Severe skeletal deformity (spinal angle ≥60°) in older women with idiopathic scoliosis was associated with significantly lower working capacity compared to less deformed patients.
Cross-Sectional (n=15)
In older women with idiopathic scoliosis, cardiovascular hemodynamics are generally preserved, but working capacity is reduced in proportion to the severity of skeletal deformity and restricted lung function.

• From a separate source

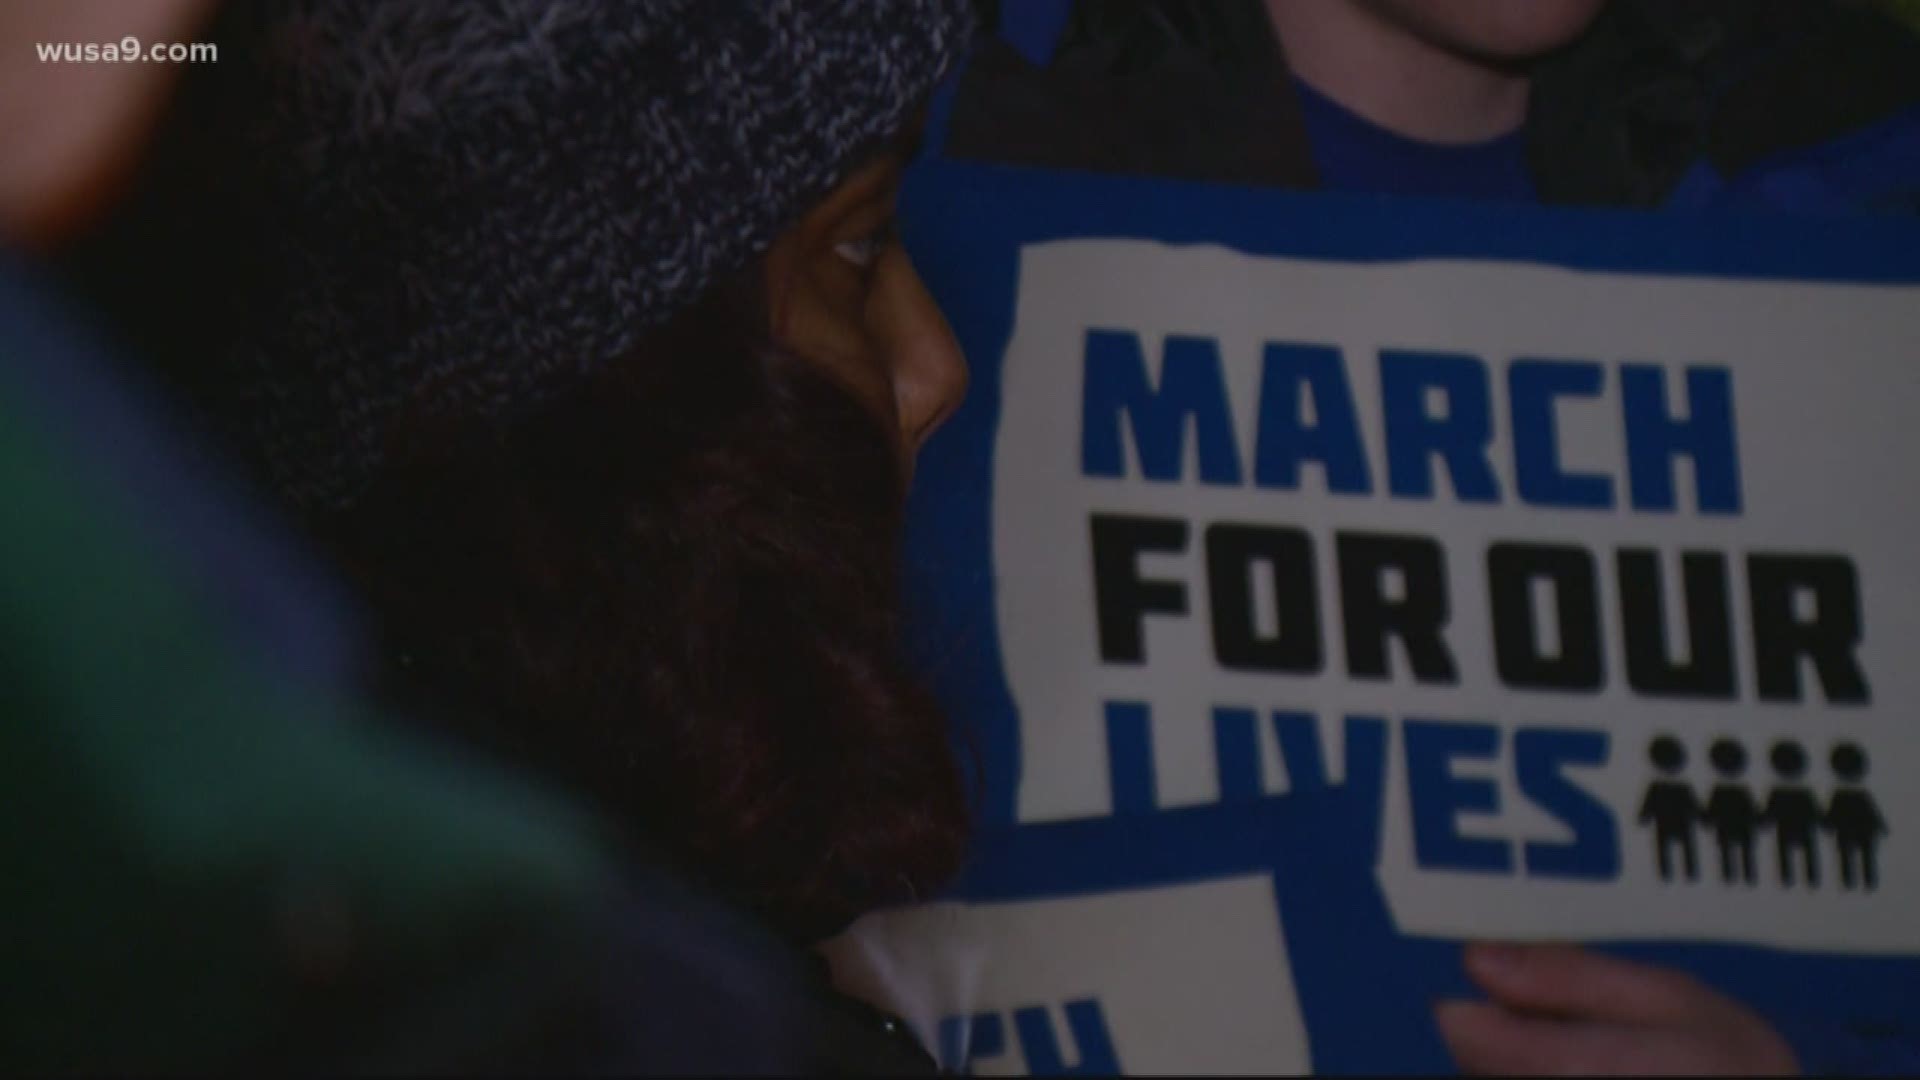 We took a trip down to Fairfax County to see how March For Our Lives is responding to pro-gun activists protesting Virginia legislators push for stricter gun laws.
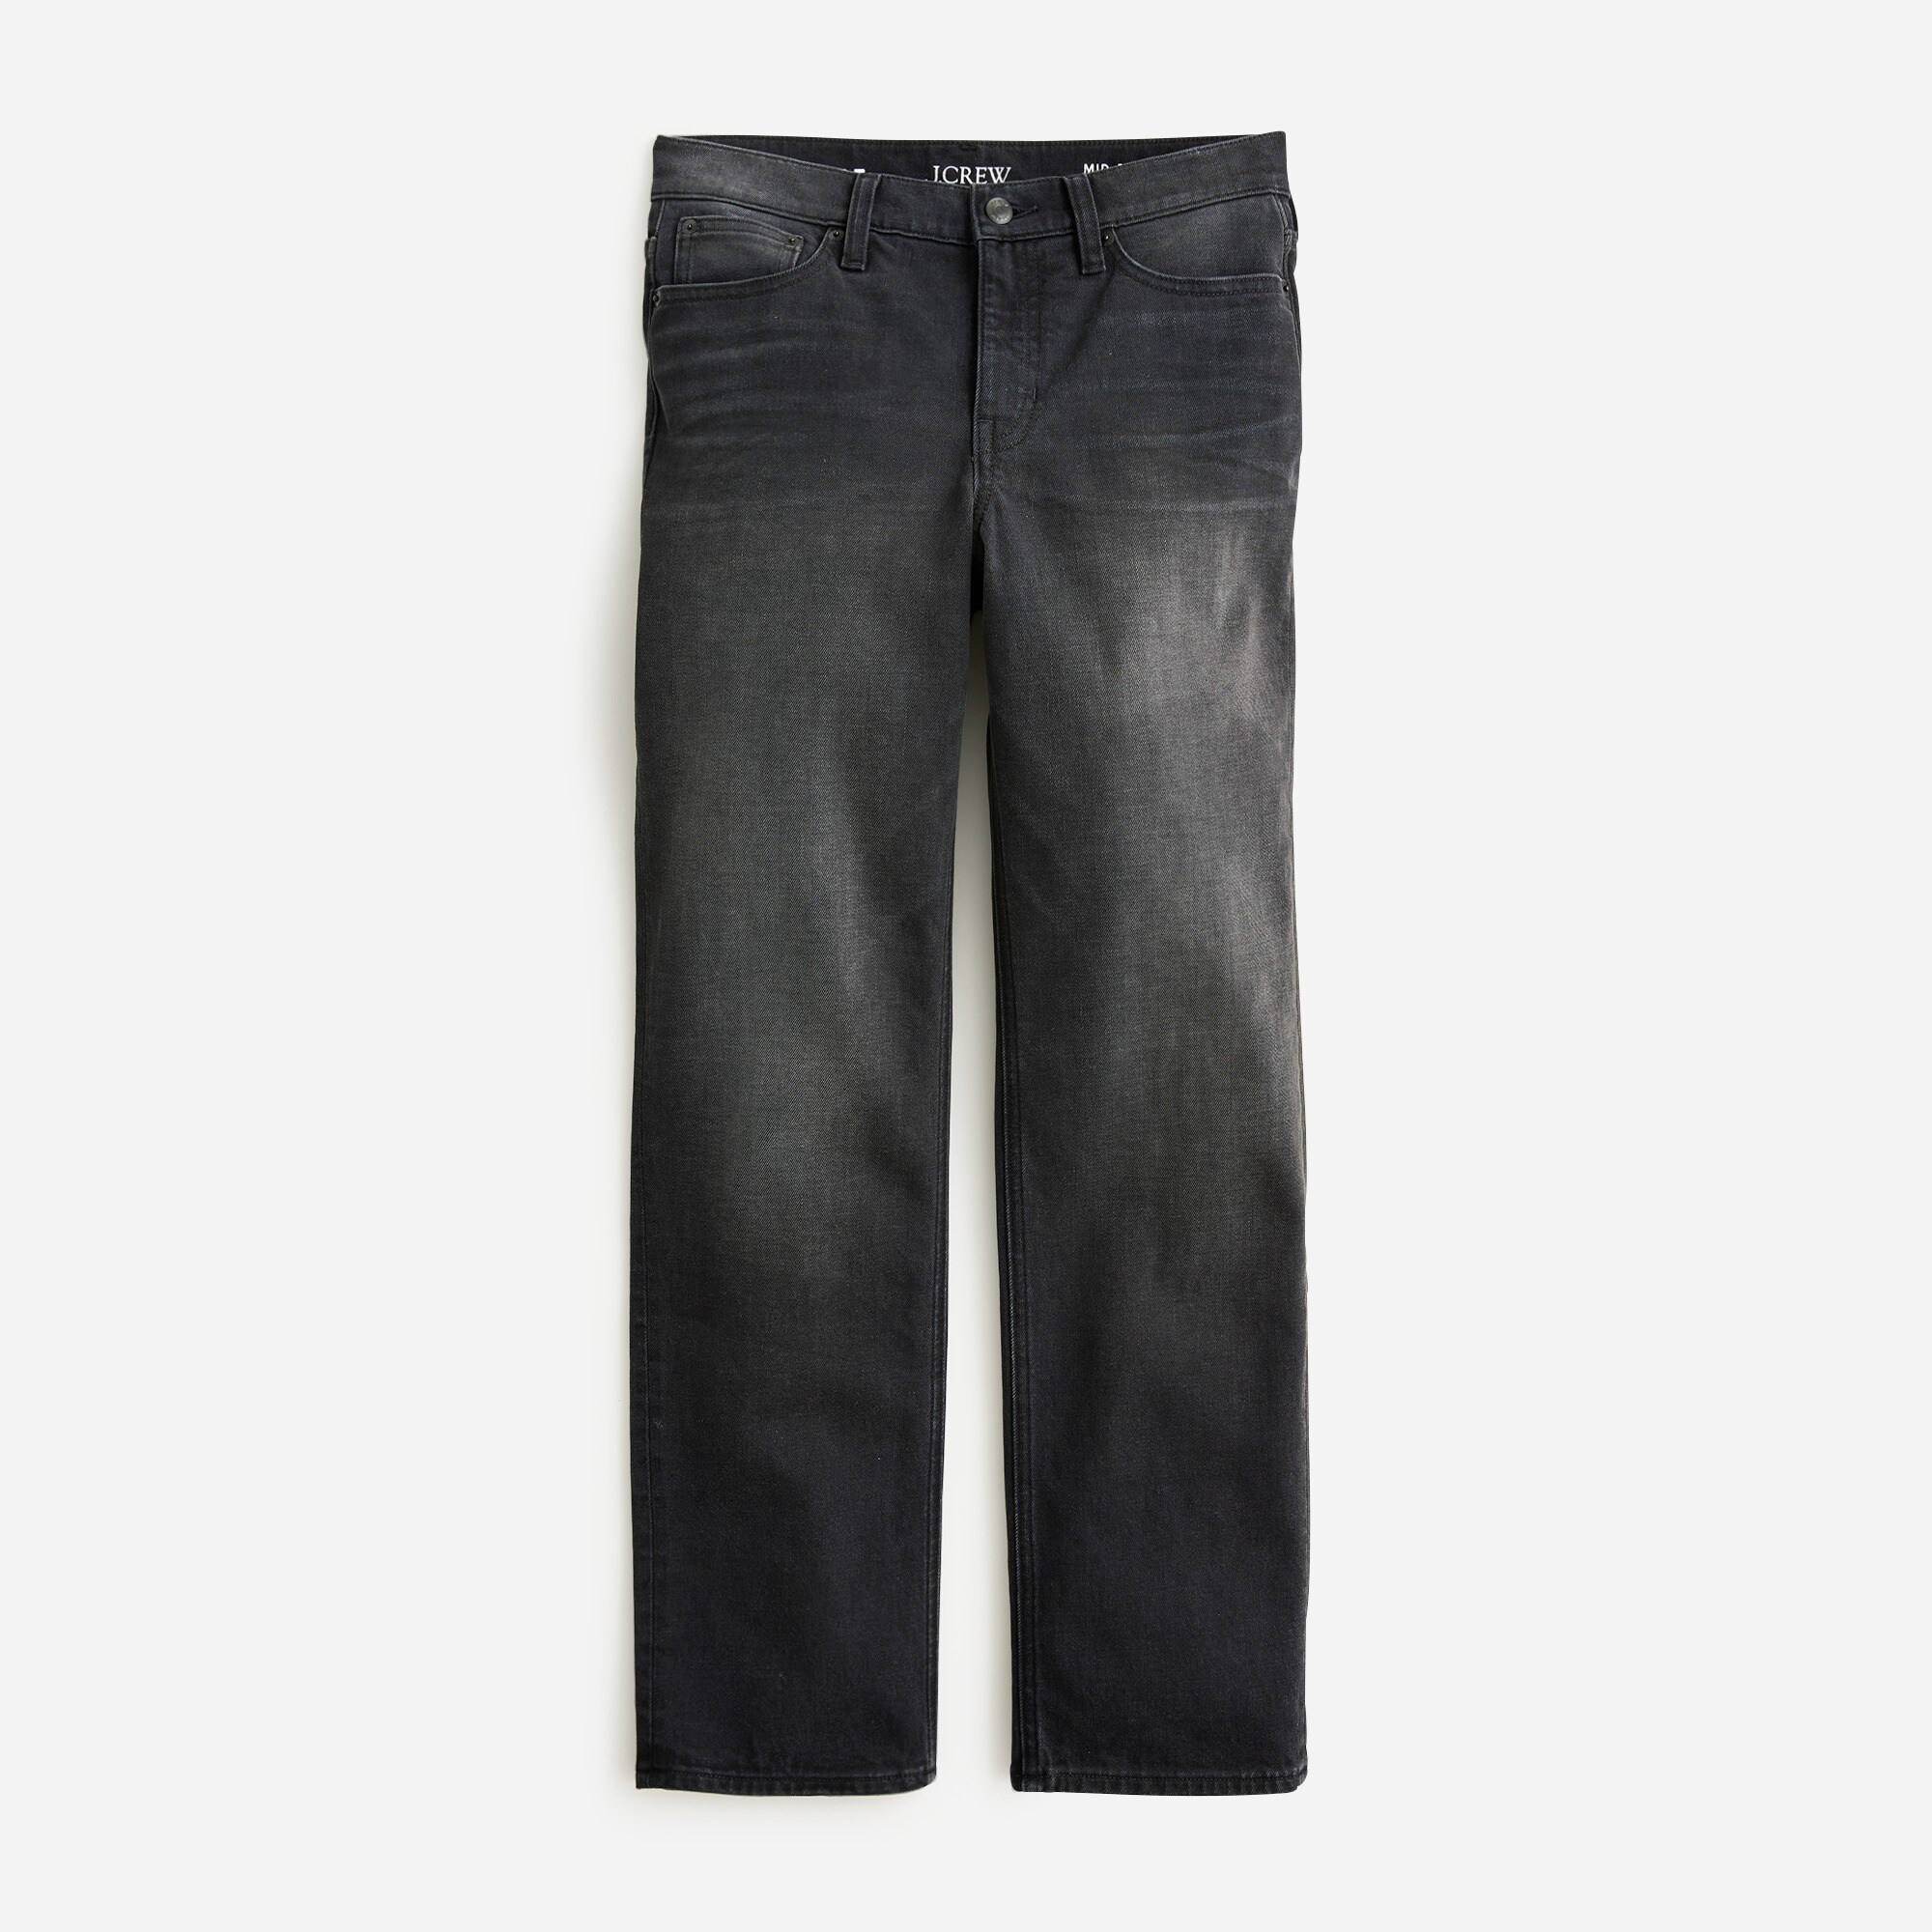  Petite mid-rise '90s classic straight-fit jean in Charcoal wash

Abstract Cardiovascular function has been studied in 15 female patients, 56 to 63 years of age, who were diagnosed as idiopathic scoliotics about 50 years ago. Eight of the patients had a severe skeletal deformity with a spinal angle of ≥60° (SD group); the remaining seven patients were less deformed (LD group). The examinations comprised ECGs at rest and during exercise, determination of work capacity, total amount of hemoglobin, blood volume and heart volume. Through heart catheterization in 13 subjects intracardiac and intravascular pressures and cardiac output were measured at rest and during work. Pulmonary hypertension with a restricted working capacity was found in the most severely deformed patient; all others had ordinary pressures and cardiac output both at rest and during work when compared with a healthy male material of the same age. On the ECG none of the patients developed signs of right ventricular impairment. A few patients had ST changes in the left precordial leads during work but were free from symptoms. The ECG findings were not related to the degree of the scoliosis, the working capacity or the heart volume. The SD group had a significantly lower working capacity than the LD group. When related to previously obtained respiratory data the working capacity was significantly correlated to tidal volume and to vital and total lung capacities. In one third of the patients with a low working capacity small circulatory dimensions were a characteristic feature. It could be assumed that a restricted lung function would decrease the physical activity and hence the circulatory dimensions to an extent related to the degree of deformity.
Freyschuss et al. (Wed,) conducted a cross-sectional in Idiopathic scoliosis (n=15). Severe skeletal deformity (spinal angle ≥60°) vs. Less deformed (spinal angle <60°) was evaluated on Working capacity. Severe skeletal deformity (spinal angle ≥60°) in older women with idiopathic scoliosis was associated with significantly lower working capacity compared to less deformed patients.